START Data for this exercise

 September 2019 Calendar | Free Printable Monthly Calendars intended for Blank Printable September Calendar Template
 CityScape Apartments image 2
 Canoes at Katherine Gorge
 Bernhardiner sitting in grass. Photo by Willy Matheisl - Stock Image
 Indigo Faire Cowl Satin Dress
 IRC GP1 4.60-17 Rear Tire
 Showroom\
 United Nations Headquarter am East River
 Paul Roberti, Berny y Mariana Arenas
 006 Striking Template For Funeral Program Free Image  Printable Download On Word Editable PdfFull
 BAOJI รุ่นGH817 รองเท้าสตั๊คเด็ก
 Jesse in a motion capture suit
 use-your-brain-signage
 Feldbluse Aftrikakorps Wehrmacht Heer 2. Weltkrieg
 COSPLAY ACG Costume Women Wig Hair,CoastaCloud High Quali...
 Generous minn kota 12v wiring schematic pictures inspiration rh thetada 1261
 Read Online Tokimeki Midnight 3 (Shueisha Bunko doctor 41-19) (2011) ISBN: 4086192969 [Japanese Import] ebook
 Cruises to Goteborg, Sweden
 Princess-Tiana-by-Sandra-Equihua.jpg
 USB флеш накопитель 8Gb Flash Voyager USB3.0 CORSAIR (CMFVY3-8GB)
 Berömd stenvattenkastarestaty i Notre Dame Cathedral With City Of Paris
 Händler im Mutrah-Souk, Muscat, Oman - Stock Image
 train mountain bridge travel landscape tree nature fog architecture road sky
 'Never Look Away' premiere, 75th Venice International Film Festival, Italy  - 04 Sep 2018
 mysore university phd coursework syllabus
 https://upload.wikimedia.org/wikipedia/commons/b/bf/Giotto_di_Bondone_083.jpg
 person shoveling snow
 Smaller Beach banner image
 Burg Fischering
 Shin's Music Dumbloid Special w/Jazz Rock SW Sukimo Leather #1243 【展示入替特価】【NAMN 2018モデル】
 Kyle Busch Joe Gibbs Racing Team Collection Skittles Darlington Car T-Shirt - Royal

END Data for this exercise

■ **Brief**: Your answer should consist only of the lines from the one with "Generous minn kota" through the last line of the entries above, retyped exactly.

■ **Finished task**:
 Generous minn kota 12v wiring schematic pictures inspiration rh thetada 1261
 Read Online Tokimeki Midnight 3 (Shueisha Bunko doctor 41-19) (2011) ISBN: 4086192969 [Japanese Import] ebook
 Cruises to Goteborg, Sweden
 Princess-Tiana-by-Sandra-Equihua.jpg
 USB флеш накопитель 8Gb Flash Voyager USB3.0 CORSAIR (CMFVY3-8GB)
 Berömd stenvattenkastarestaty i Notre Dame Cathedral With City Of Paris
 Händler im Mutrah-Souk, Muscat, Oman - Stock Image
 train mountain bridge travel landscape tree nature fog architecture road sky
 'Never Look Away' premiere, 75th Venice International Film Festival, Italy  - 04 Sep 2018
 mysore university phd coursework syllabus
 https://upload.wikimedia.org/wikipedia/commons/b/bf/Giotto_di_Bondone_083.jpg
 person shoveling snow
 Smaller Beach banner image
 Burg Fischering
 Shin's Music Dumbloid Special w/Jazz Rock SW Sukimo Leather #1243 【展示入替特価】【NAMN 2018モデル】
 Kyle Busch Joe Gibbs Racing Team Collection Skittles Darlington Car T-Shirt - Royal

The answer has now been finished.